# DIY: Coil Gun



## pramudit (Jan 18, 2012)

this is a project made by me and my friend, hope you all will like it....
We made it in october....
all details in this link.... 

Home made simple Coil Gun part 2 - YouTube


----------



## Faun (Jan 18, 2012)

Dekhiye kitna aasan hai yeh !


----------



## pramudit (Jan 19, 2012)

Plz give your reviews and give suggestions on how to improve it... 

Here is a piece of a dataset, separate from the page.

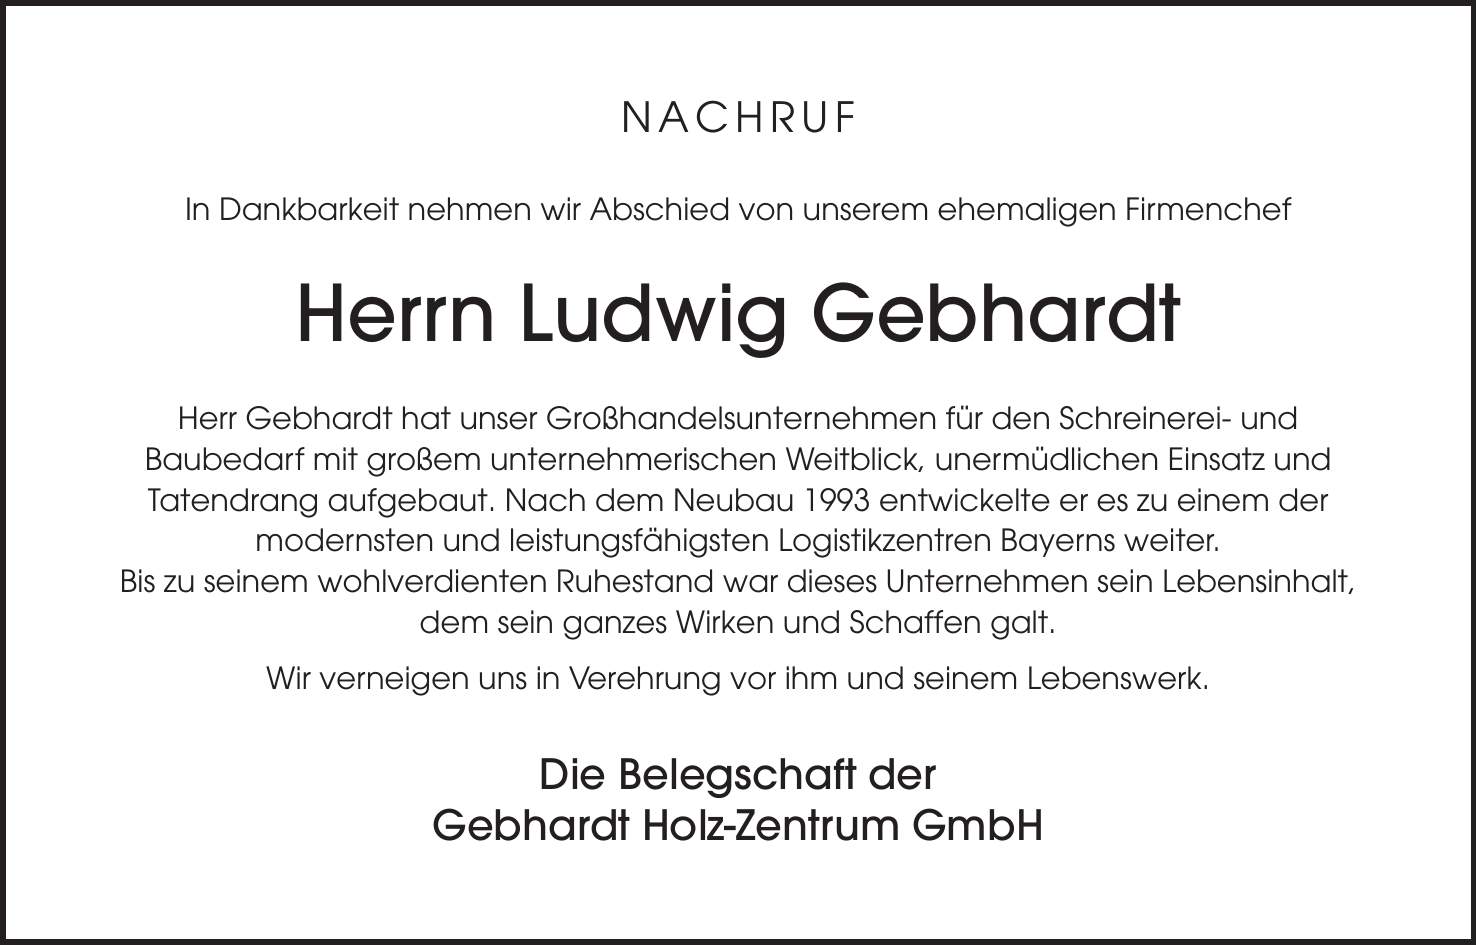 NACHRUF In Dankbarkeit nehmen wir Abschied von unserem ehemaligen Firmenchef Herrn Ludwig Gebhardt Herr Gebhardt hat unser Großhandelsunternehmen für den Schreinerei- und Baubedarf mit großem unternehmerischen Weitblick, unermüdlichen Einsatz und Tatendrang aufgebaut. Nach dem Neubau 1993 entwickelte er es zu einem der modernsten und leistungsfähigsten Logistikzentren Bayerns weiter. Bis zu seinem wohlverdienten Ruhestand war dieses Unternehmen sein Lebensinhalt, dem sein ganzes Wirken und Schaffen galt. Wir verneigen uns in Verehrung vor ihm und seinem Lebenswerk. Die Belegschaft der Gebhardt Holz-Zentrum GmbH

More than 100 views but no reviews or suggestions...


----------



## Faun (Jan 19, 2012)

make a casing like real gun like this
*guides.gamepressure.com/stalker/gfx/word/694957609.jpg


----------



## pramudit (Jan 19, 2012)

Beyond our reach now...
We will need machines and we will get 'em in college only...
I am currently in class 12...

And actually me and my friend have thought to mount it on hand with its power source in bagpack...
He is a big fan of iron man...


----------



## Nipun (Jan 19, 2012)

Nice. But sound was weird. 

The best line was last


----------



## pramudit (Jan 19, 2012)

Thanx...
Will be upgrading it in the starting of may and this time will take care while making video....


----------



## vijju6091 (Oct 6, 2013)

Looks cool to me


----------